How to create a Pandas Dataframe in Python

In Pandas, DataFrame is the primary data structures to hold tabular data. You can create it using the DataFrame constructor pandas.DataFrame()or by importing data directly from various data sources.

Tabular datasets which are located in large external databases or are present in files of different formats such as .csv files or excel files can be read into Python using the pandas library in the form of a DataFrame.

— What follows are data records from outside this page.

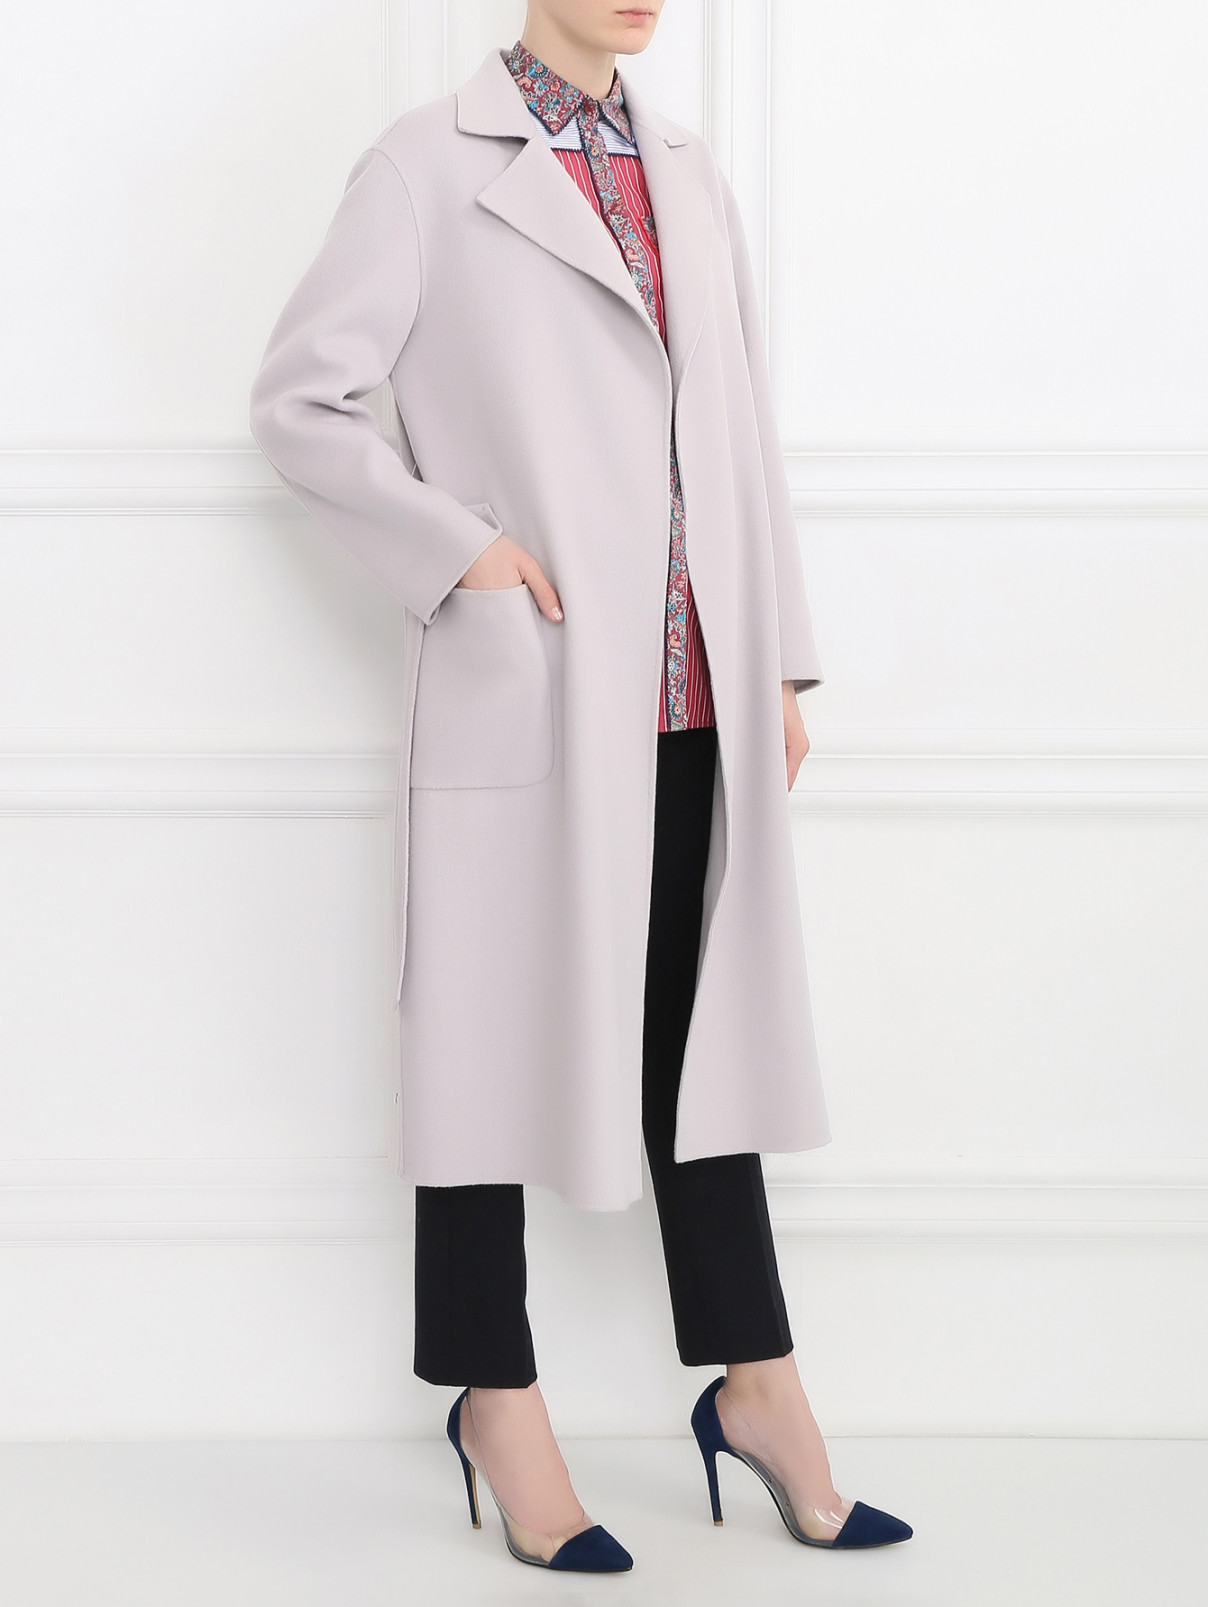 Пальто Armani Collezioni  –  Модель Общий вид  – Цвет:  Серый
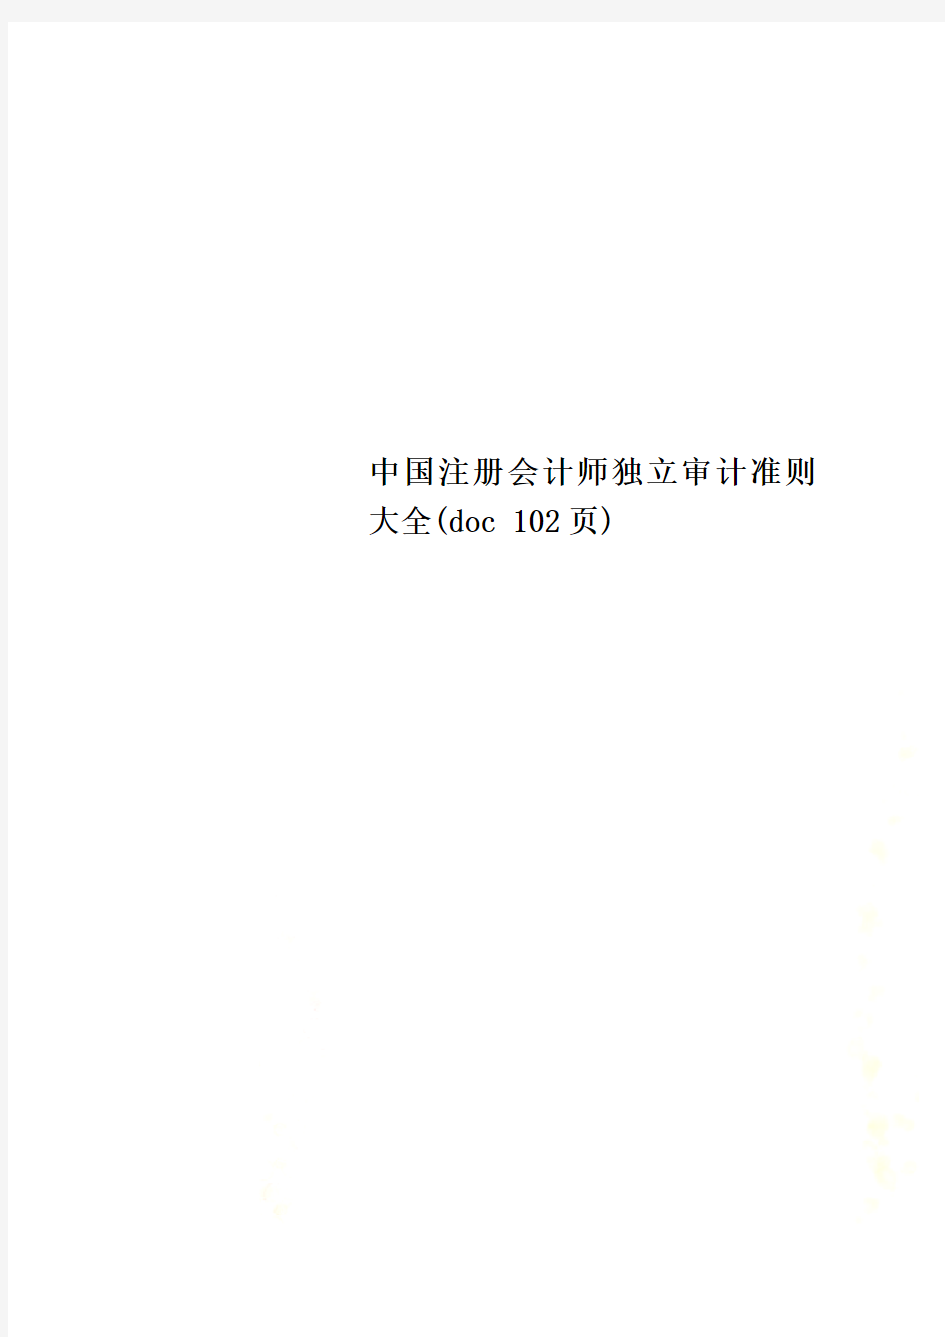 中国注册会计师独立审计准则大全(doc 102页)
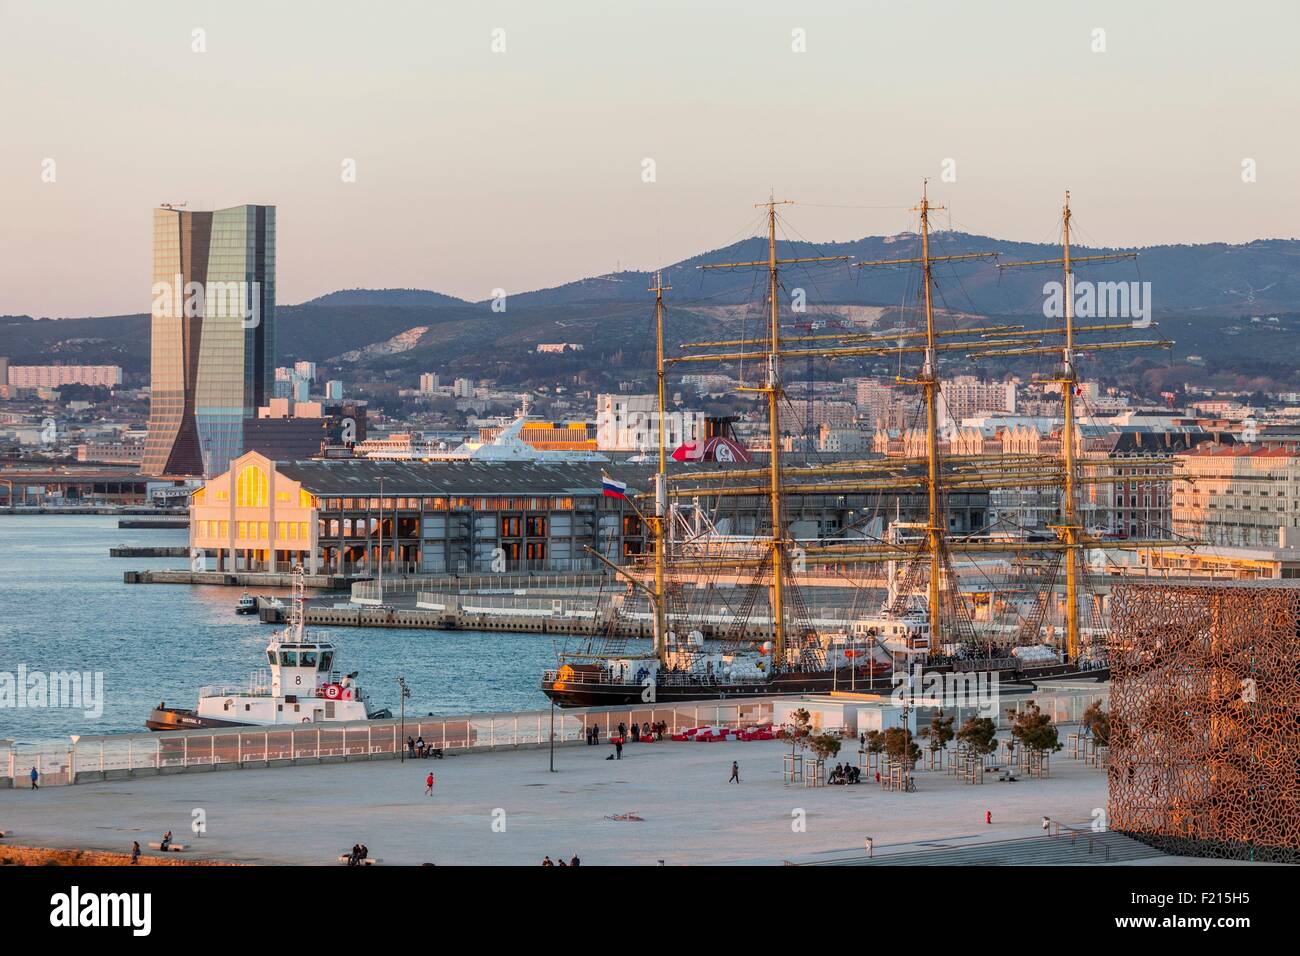 Frankreich, Bouches du Rhone, Marseille, J4, CMA CGM Turm Architektin Zaha Hadid, und die russischen Krusenstern Segelboot 4 Pole, der ältesten noch aktiven und eine der längsten in der Welt Stockfoto

In this article, you will see different ways of making a DataFrame or loading existing tabular datasets in the form of a DataFrame.

pandas.DataFrame

Syntax

    • pandas.DataFrame(data=None, index=None, columns=None, dtype=None, copy=False)

Purpose

    • To create a two dimensional spreadsheet-like data structure for storing data in a tabular format

Parameters

    • data
      • Dictionary or list (default: None). It will be used to populate the rows and columns of the DataFrame.
    • index
      • Index or Array(default: None) It is used to specify the feature of the dataset whose values will be used to mark and identify each row of the dataset. Although its default value is ‘None’, if the index is not specified, integer values ranging from zero to one less than the total number of rows present in the dataset will be used as index
    • columns
      • Index or Array (default:None). It is used to specify the column or the feature names of the dataset. Although its default value is ‘None’, if the   columns parameter is not specified then integer values ranging from zero to one less than the total number of features present in the dataset will be used as column names
    • dtype
      • dtype(default: None). It is used to force the DataFrame to be created and have only those values or convert the values to the specified dtype. If this parameter is not specified then the DataFrame will infer the data types of each feature on the basis of the values present in them.
    • copy
      • Boolean(default: None). It is used to copy data from the inputs

Returns

    • A two-dimensional data structure containing data in a tabular format i.e., rows and columns

Creating a basic single column Pandas DataFrame

A basic DataFrame can be made by using a list.

# Create a single column dataframe
import pandas as pd
data = ['India', 'China', 'United States', 'Pakistan', 'Indonesia']

df = pd.DataFrame(data)

df
Creating basic dataframe

That creates a default column name (0) and index names (0,1,2,3..).

Making a DataFrame from a dictionary of lists

A pandas DataFrame can be created using a dictionary in which the keys are column names and and array or list of feature values are passed as the values to the dict.

This dictionary is then passed as a value to the data parameter of the DataFrame constructor.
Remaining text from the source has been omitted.